→ Description of the task:
The range runs from the line containing "Handball FM odc. 5 Paweł Paczkowski" through the last line of the material below; retype it exactly, leaving out the pictures.

** Information supplied follows **

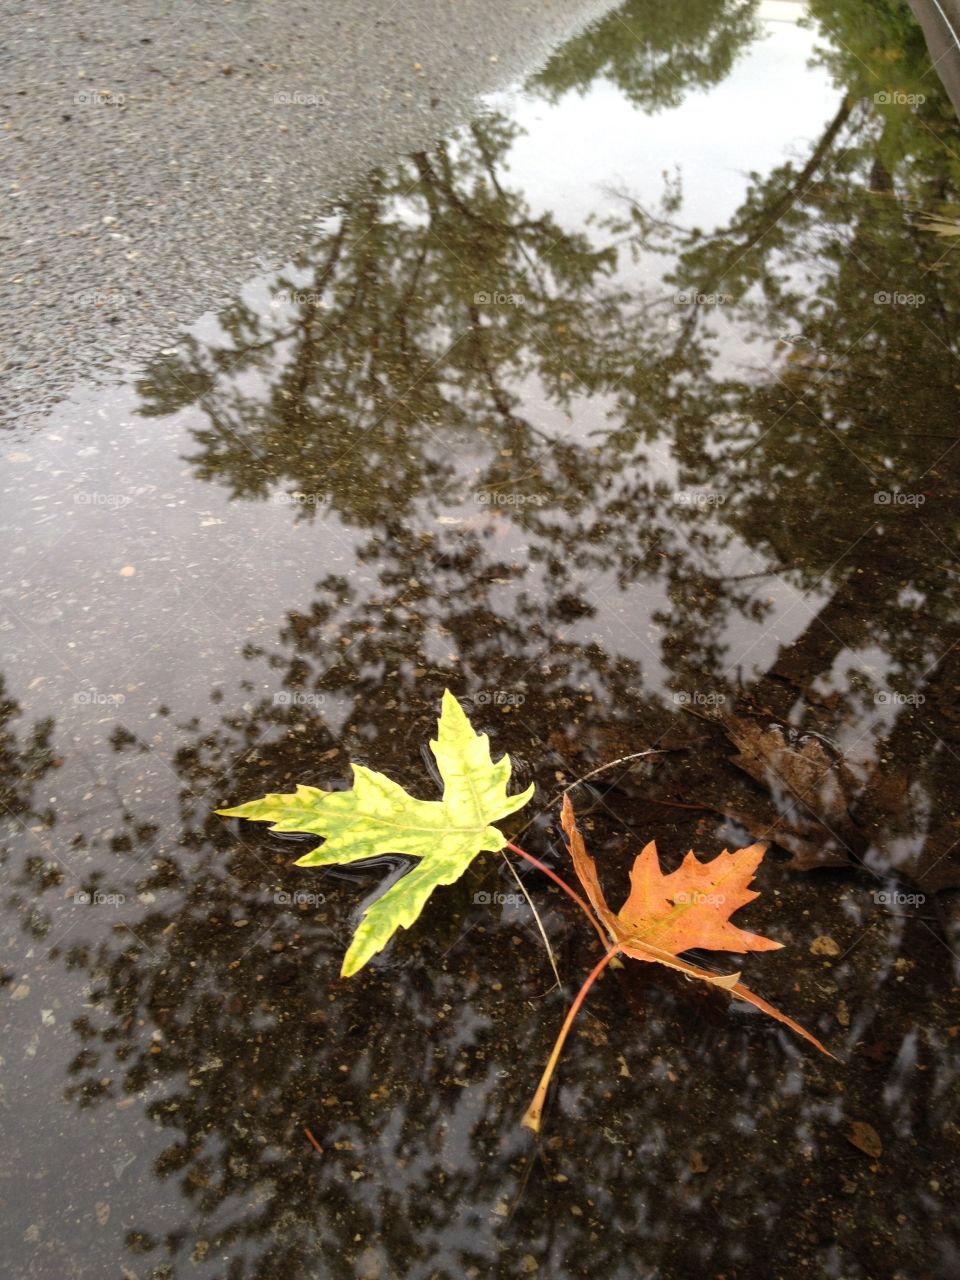 Autumn puddle - It’s Autumn Time Mission
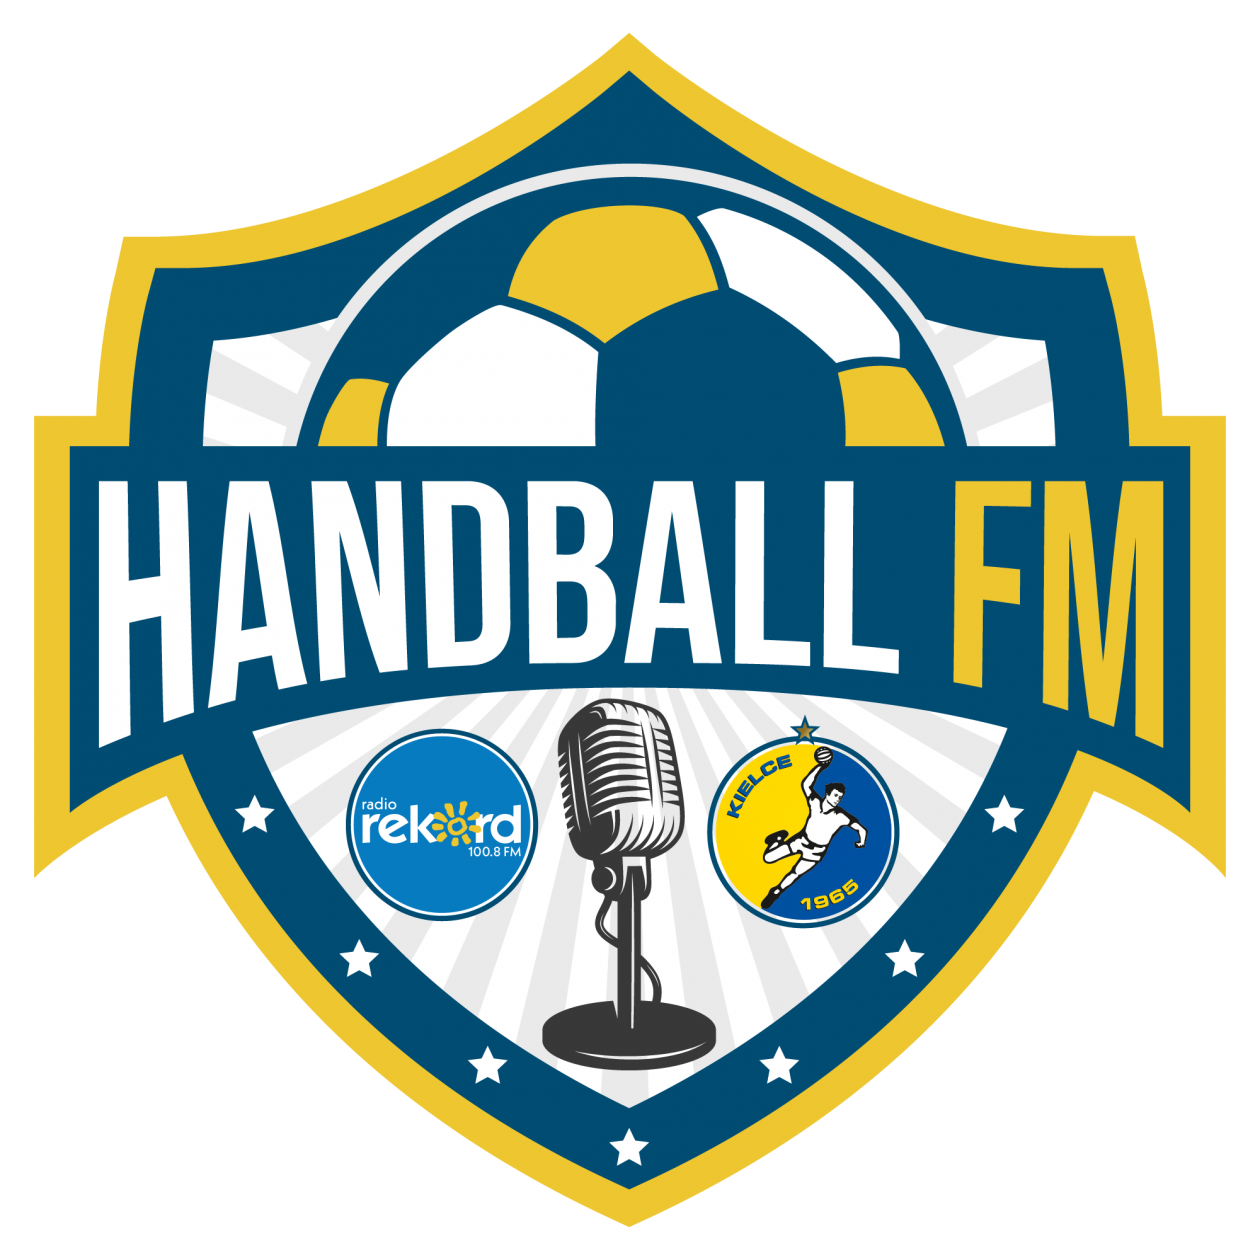 Handball FM odc. 5 Paweł Paczkowski
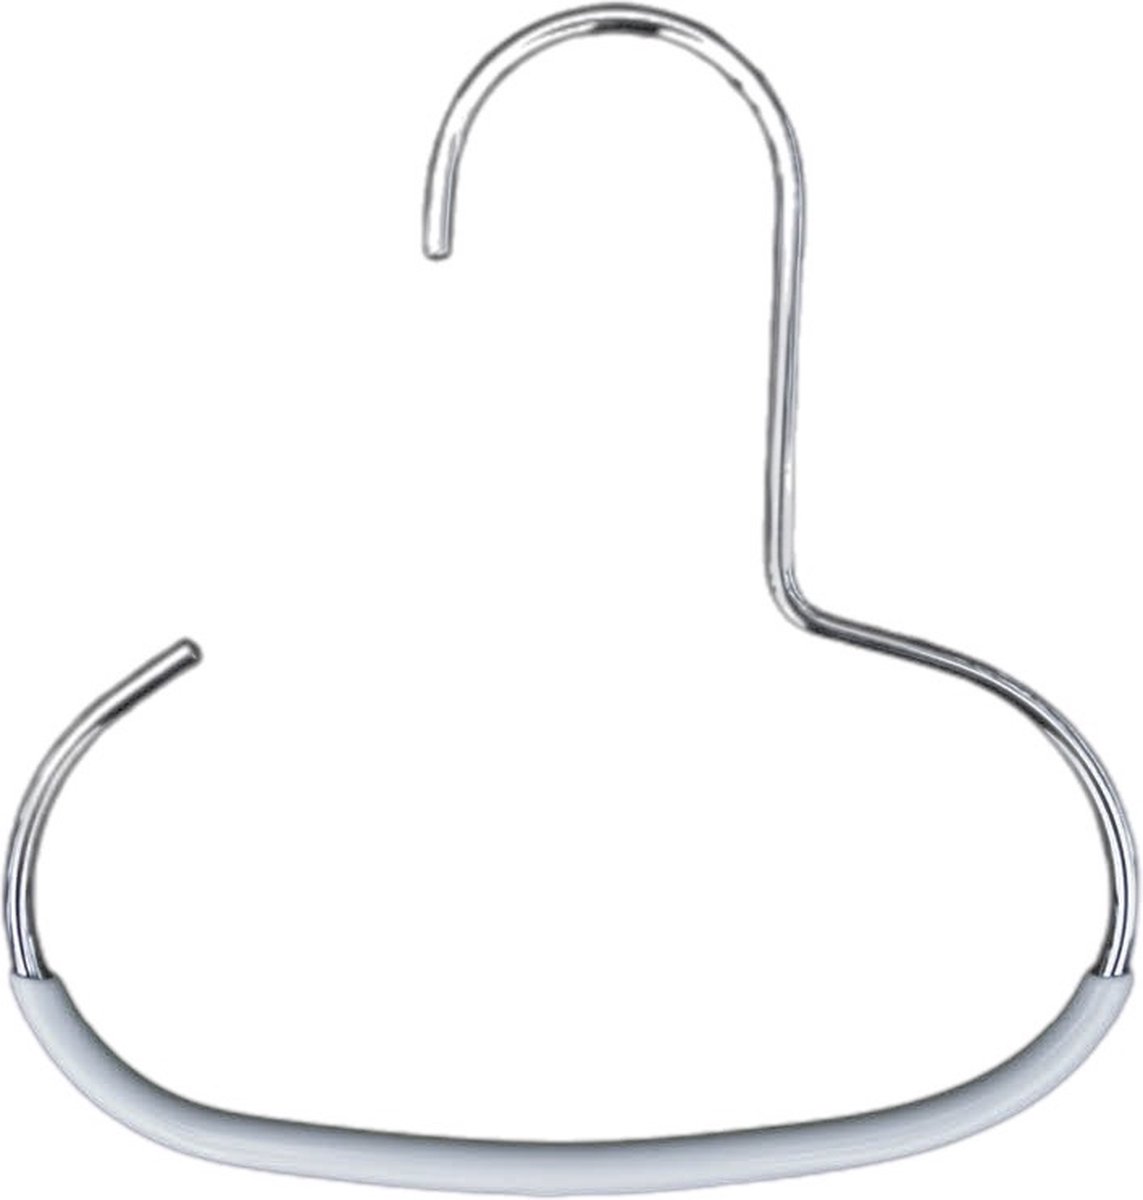 TopHangers [Set van 3] - Praktische metalen accessoire hanger voor sjaals / stropdassen / petten / sieraden / riemen met zilveren anti-slip coating | Gecertificeerd als 'Ecofriendly' en 'Skinfriendly' | 'Mawa G1'

** End of Information supplied **

→ Solved problem:
 Handball FM odc. 5 Paweł Paczkowski
 TopHangers [Set van 3] - Praktische metalen accessoire hanger voor sjaals / stropdassen / petten / sieraden / riemen met zilveren anti-slip coating | Gecertificeerd als 'Ecofriendly' en 'Skinfriendly' | 'Mawa G1'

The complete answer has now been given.